Quraish Shihab dan uraian sebelumnya, serta dengan memperhatikan makna sabar,
peran dan fungsinya, maka penulis melihat bahwa jalan-raya yang dilalui dalam
kehidupan ini tidak selamanya datar. Tapi, adakalanya mendaki dan menurun,
kadang-kadang jalan itu bertaburan dengan unak dan duri. Adakalanya manusia
mendapat nikmat dan adakalanya pula ditimpa kesusahan atau musibah. Ada saat
tertawa dan ada waktu menangis; ada masa bahagia dan ada waktu menderita,
adakalanya menang dan adakalanya kalah, dan lain-lain sebagainya.Ini adalah
hukum-alam, sunnatullah.
Dalam tiap-tiap keadaan dan
situasi itu haruslah dihadapi dengan sikap jiwa yang telah digariskan oleh
Al-Quran. Sudah dijelaskan bahwa tatkala mendapat nikmat dan bahagia, manusia
haruslah bersyukur. Sekarang, apabila mendapat kesusahan atau ditimpa bencana
(musibah) haruslah bersikap sabar. Kesusahan dan musibah itu bermacam-macam.
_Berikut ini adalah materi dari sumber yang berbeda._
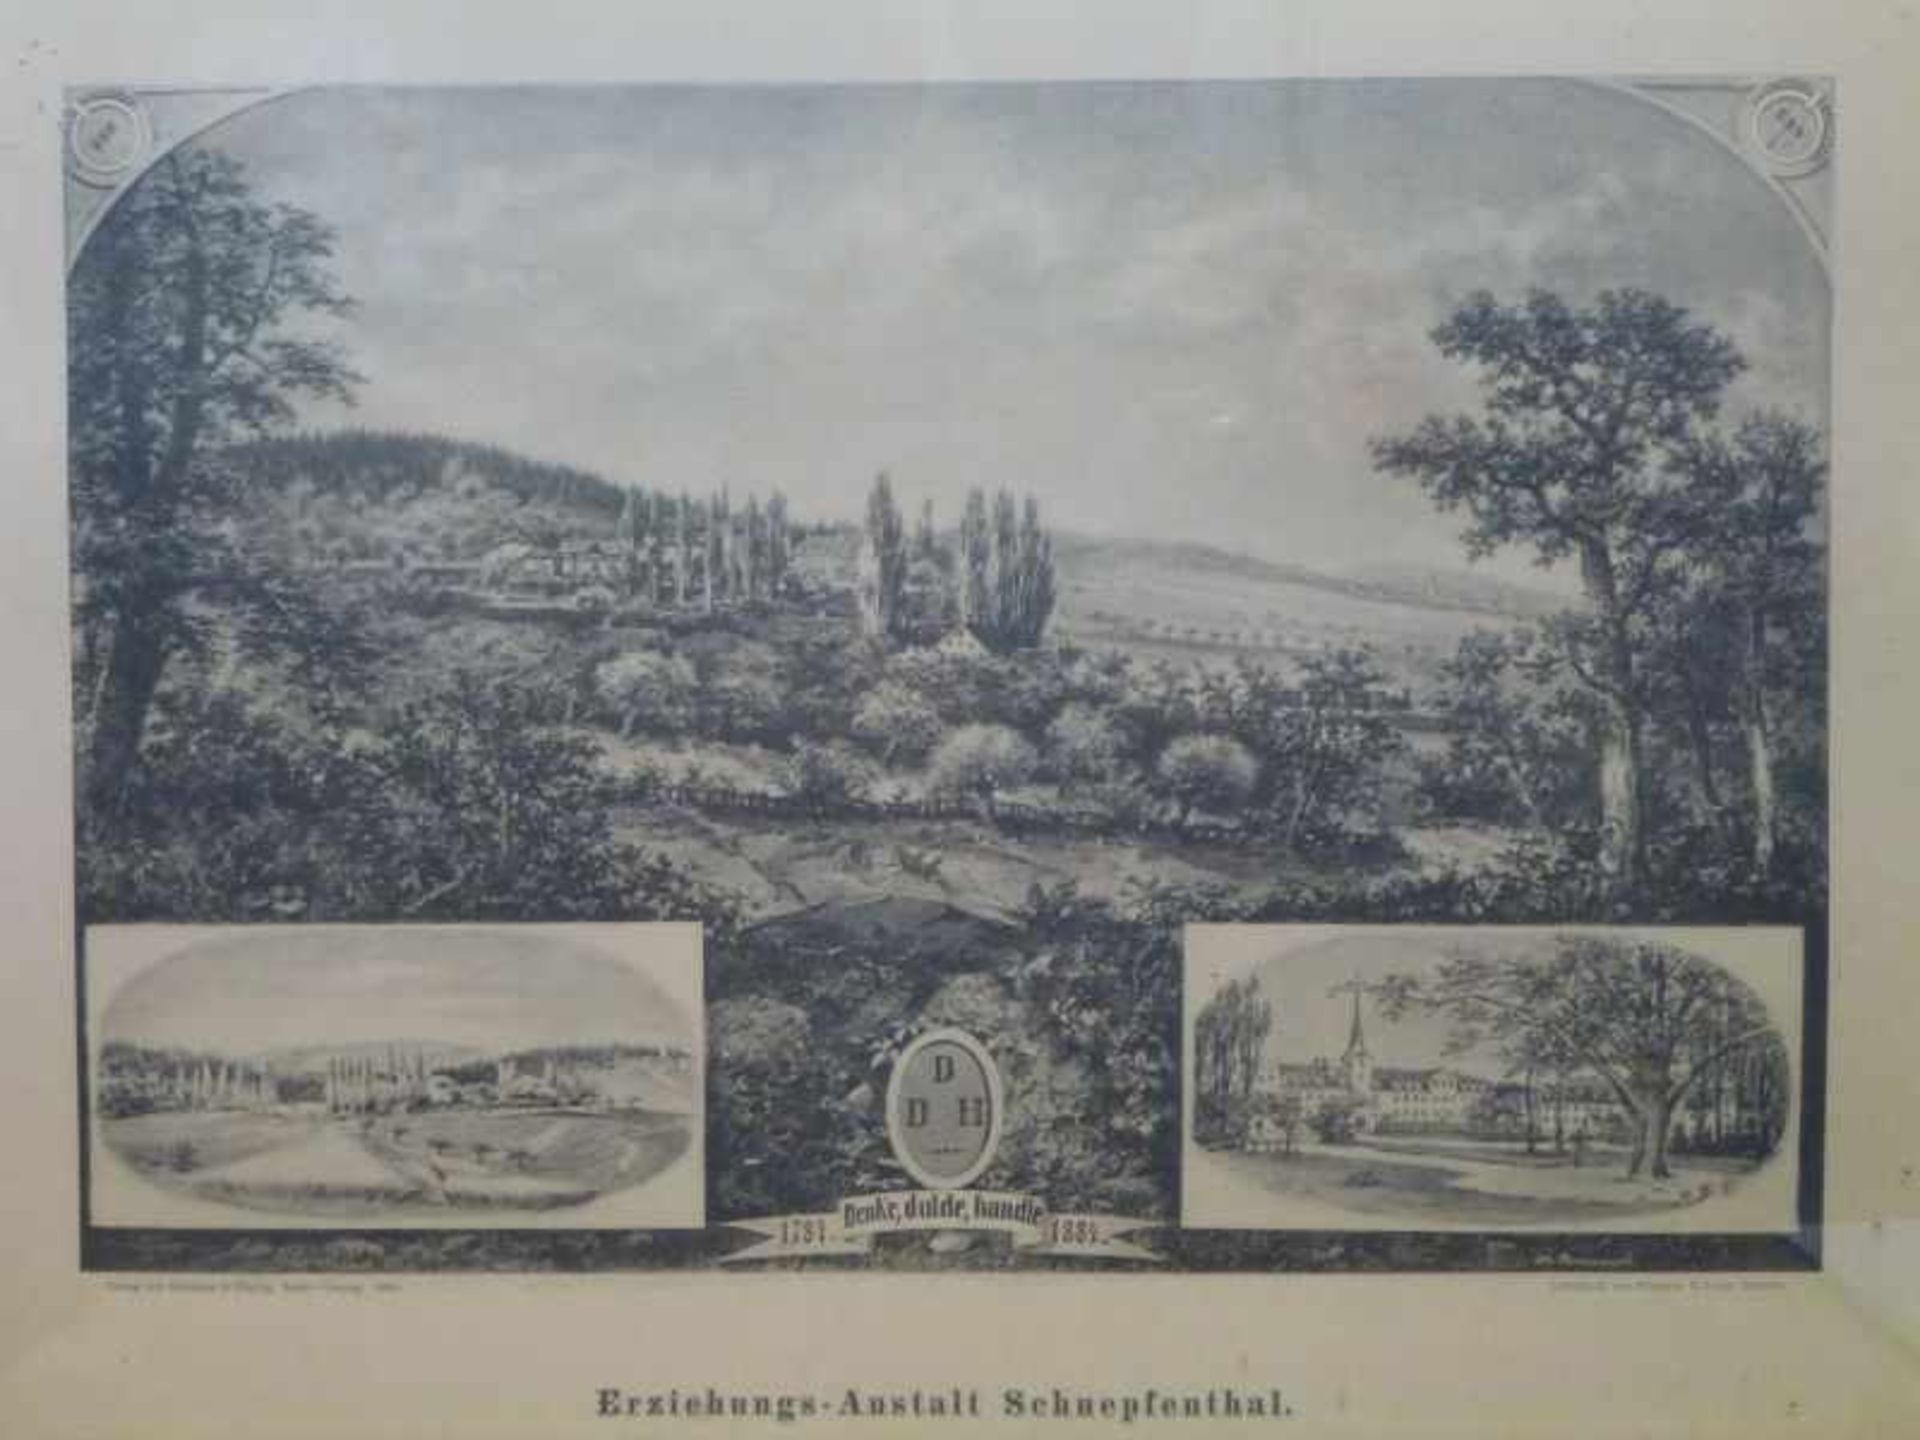 Lichtdruck "Erziehungsanstalt Schnepfenthal"

Adakalanya berbentuk tekanan jiwa, kemiskinan, kehilangan harta kematian anak
dan lain-lain. Semua kesusahan itu adalah merupakan cobaan. Yang dapat
dijadikan perisai menahan cobaan itu ialah sikap sabar. Orang yang bersikap
sabar tatkala mendapat cobaan, lekas-lekas meloncat kepada satu tumpuan tempat
kembali. Semua datang dari Tuhan dan akan kembali kepada-Nya.